Given mass of carbon dioxide = 5 g

Molar mass of carbon dioxide = 44 g/mol

Putting values in equation 1, we get:

$\text{Number of moles}=\frac{5g}{44g/mol}=0.114mol$

Now, using expression 2, we get:

Number of electrons in 1 mole of carbon dioxide = [6 + (2 × 8)] = 22

0.114 moles of carbon dioxide will contain $22\times 0.114\times 6.022\times 10^{23}=15.103\times 10^{23}$ number of electrons.

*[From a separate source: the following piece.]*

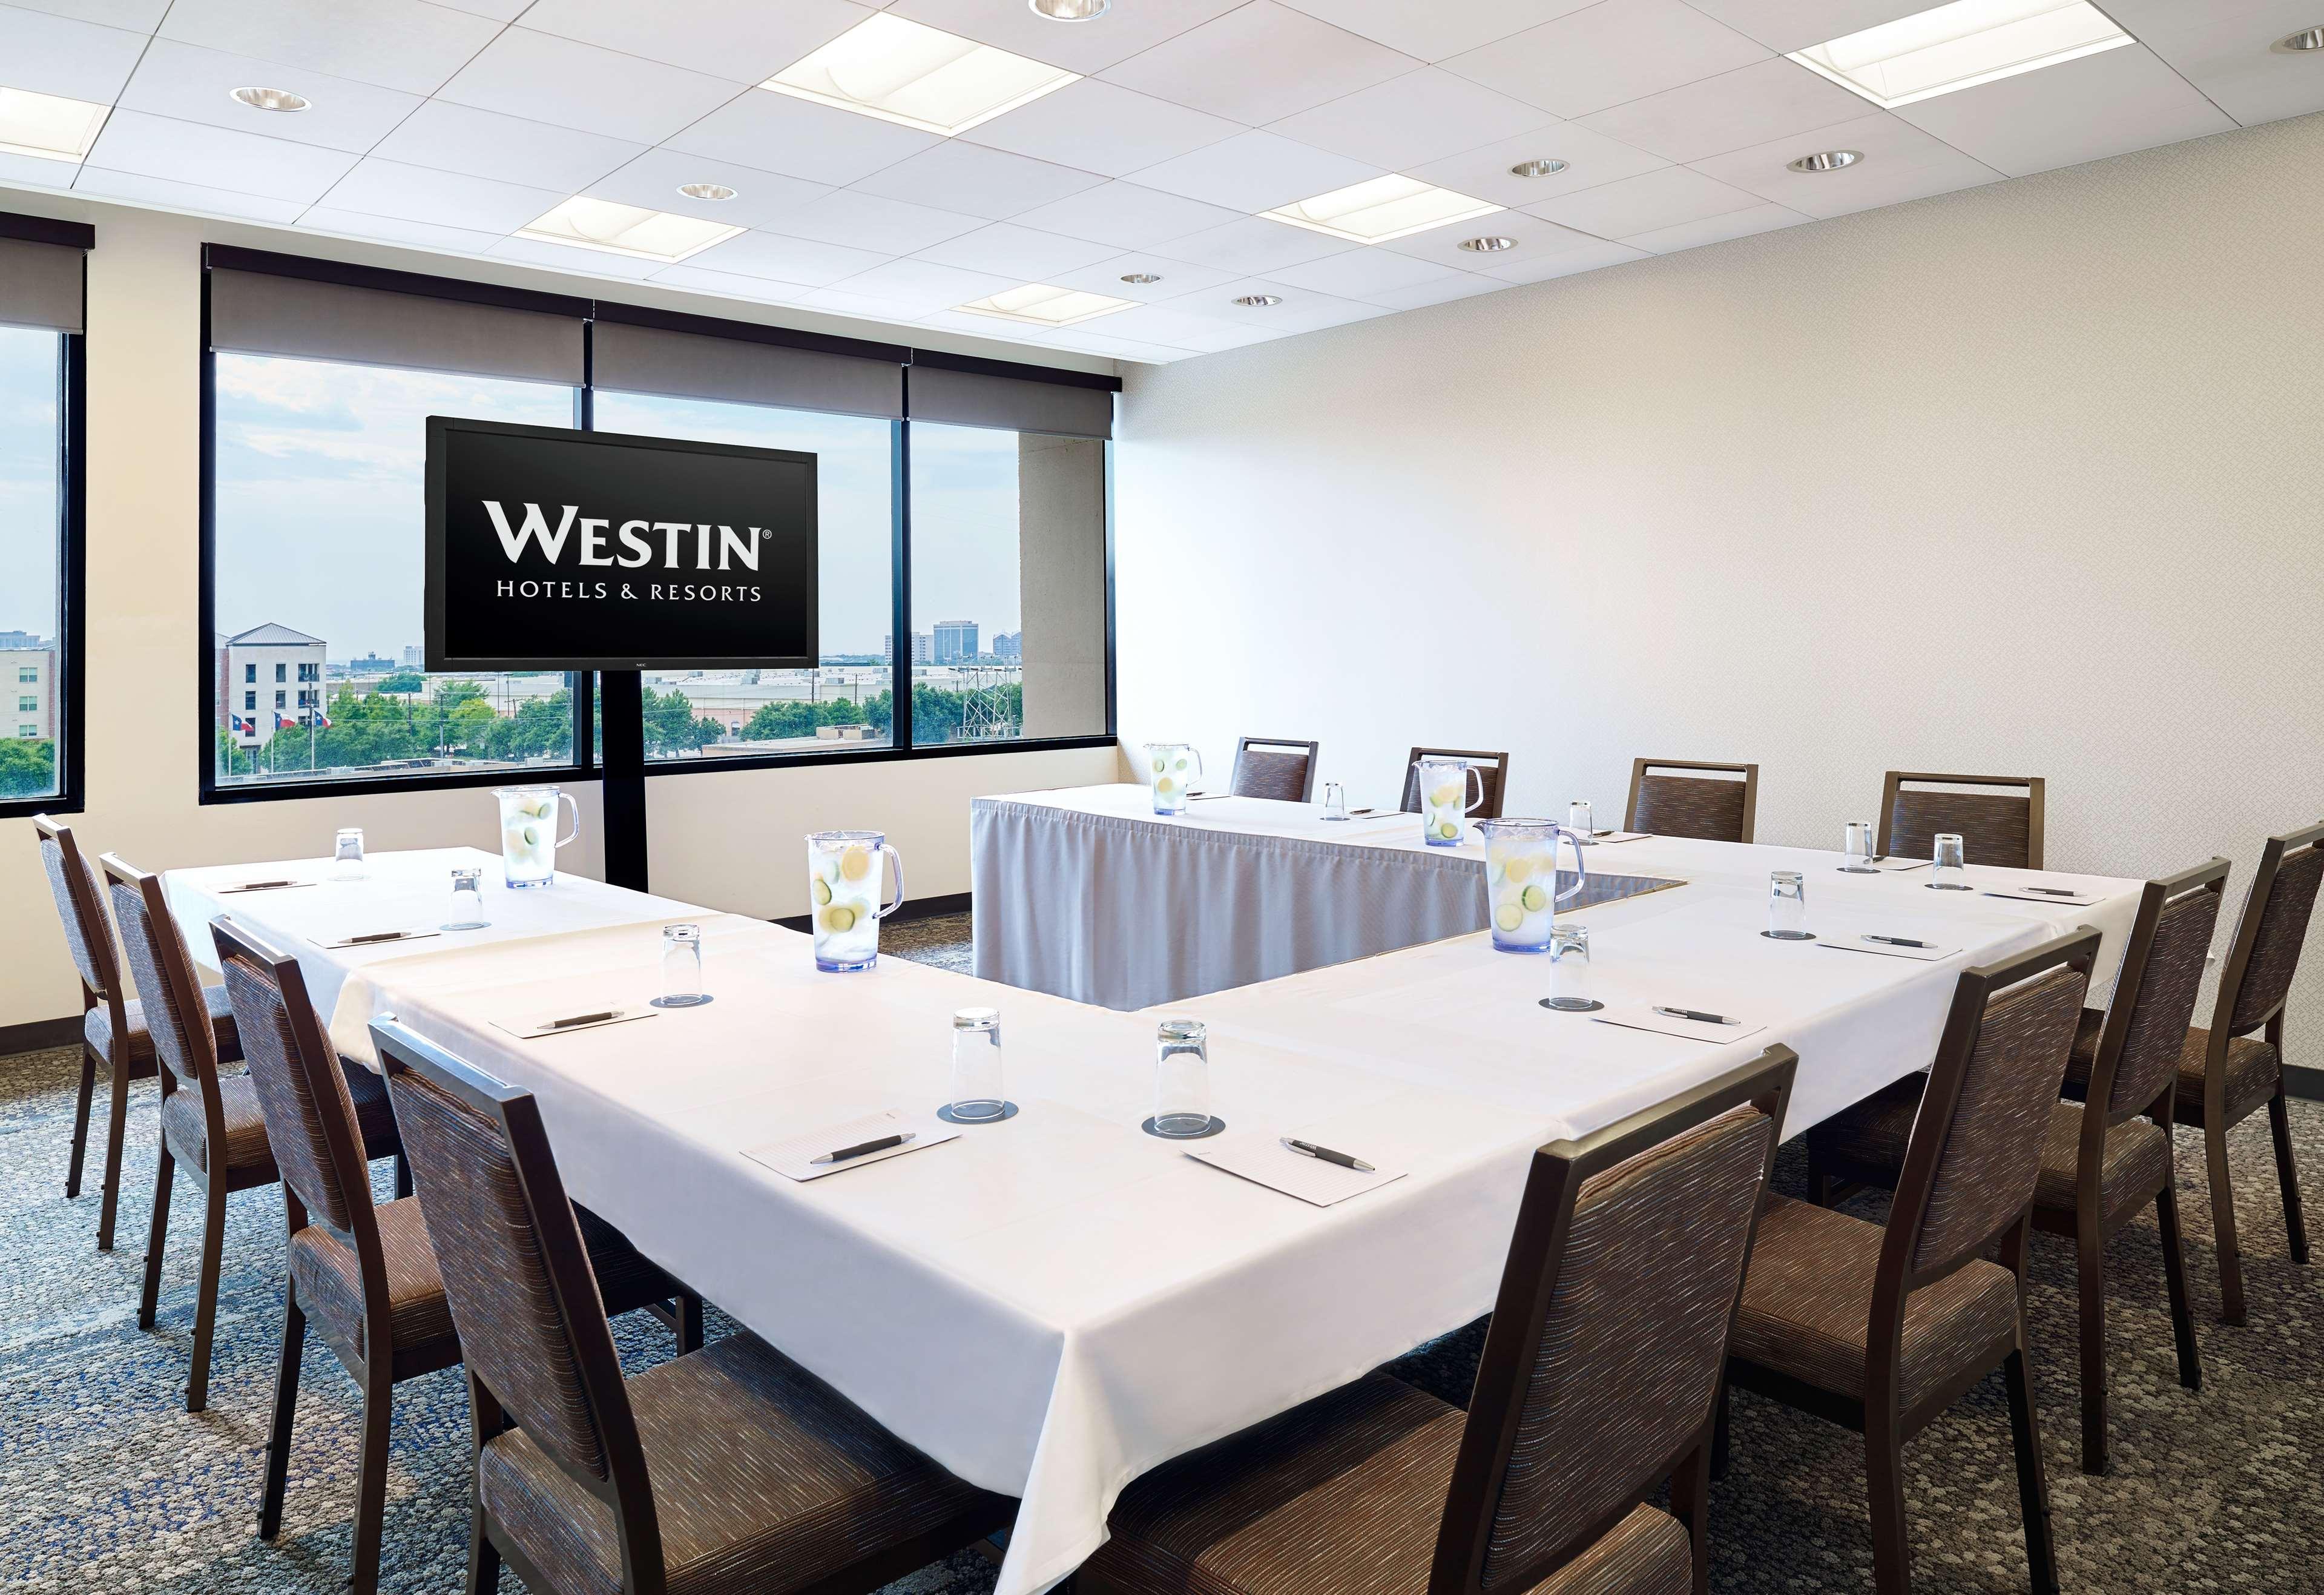 The Westin Galleria Dallas image 21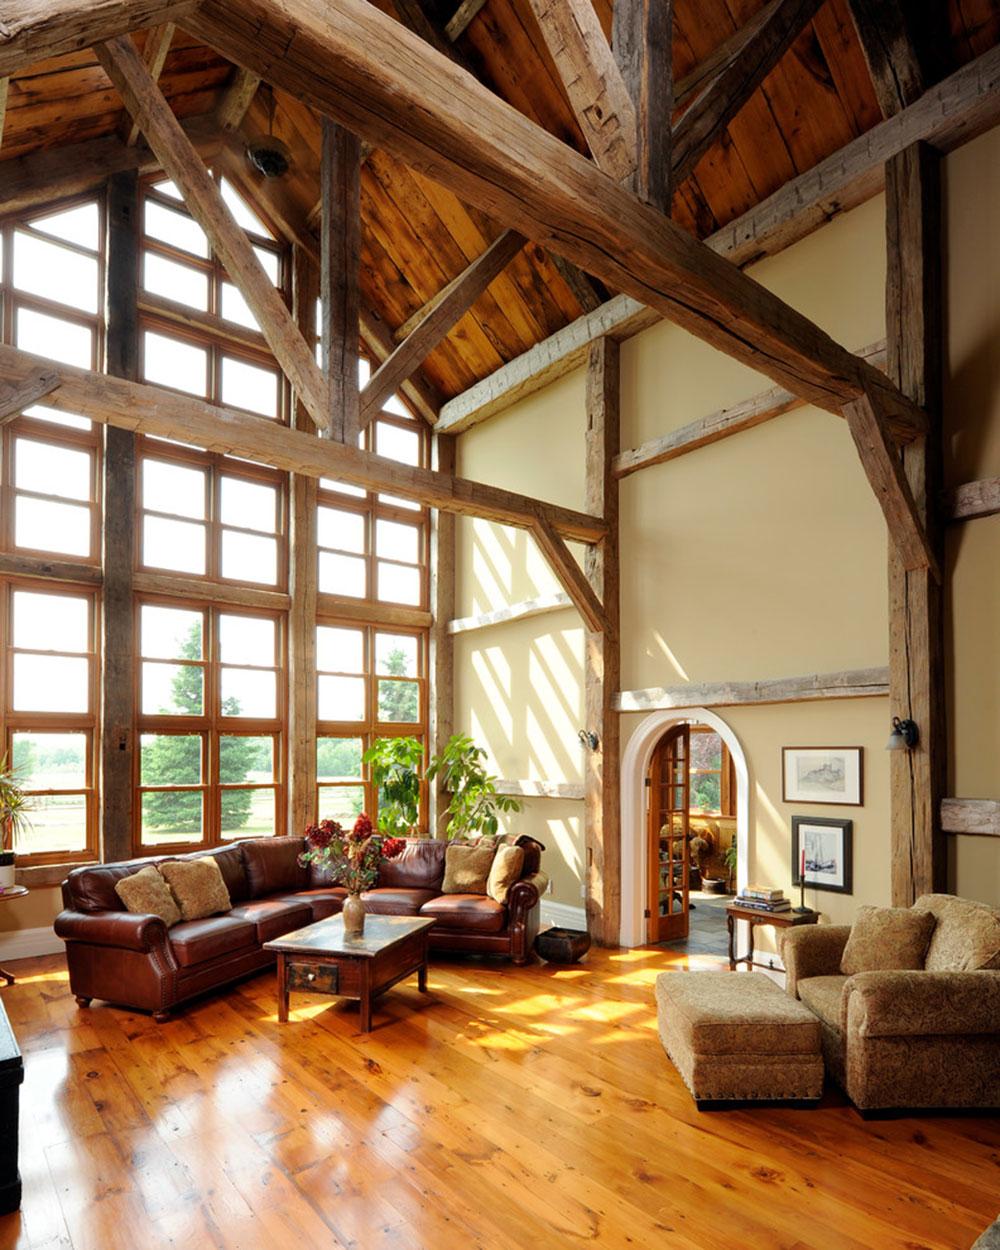 Floor-to-Ceiling Window Design Ideas10 Floor-to-Ceiling Window Design Ideas

Number of electrons = $15.103\times 10^{23}$

• For 2:  4 g of CO

Given mass of carbon monoxide = 4 g

Molar mass of carbon monoxide = 28 g/mol

Putting values in equation 1, we get:

$\text{Number of moles}=\frac{4g}{28g/mol}=0.143mol$

Now, using expression 2, we get:

Number of electrons in 1 mole of carbon monoxide = [6 + 8] = 14

0.143 moles of carbon monoxide will contain $14\times 0.143\times 6.022\times 10^{23}=12.0554\times 10^{23}$ number of electrons.

Number of electrons = $12.0554\times 10^{23}$

• For 3:  1 g of $H_2$

Given mass of hydrogen = 1 g

Molar mass of hydrogen = 2 g/mol

Putting values in equation 1, we get:

$\text{Number of moles}=\frac{1g}{2g/mol}=0.5mol$

Now, using expression 2, we get:

Number of electrons in 1 mole of hydrogen molecule = [2 × 1] = 2

0.5 moles of hydrogen molecule will contain $2\times 0.5\times 6.022\times 10^{23}=6.022\times 10^{23}$ number of electrons.

Number of electrons = $6.022\times 10^{23}$

• For 4:  6 g of $O_2$

Given mass of oxygen = 6 g

Molar mass of oxygen = 32 g/mol

Putting values in equation 1, we get:

$\text{Number of moles}=\frac{6g}{32g/mol}=0.1875mol$

Now, using expression 2, we get:

Number of electrons in 1 mole of oxygen = [2 × 8] = 16

0.1875 moles of oxygen will contain $8\times 0.1875\times 6.022\times 10^{23}=18.08\times 10^{23}$ number of electrons.

Number of electrons = $18.08\times 10^{23}$

Hence, the correct answer is Option 4.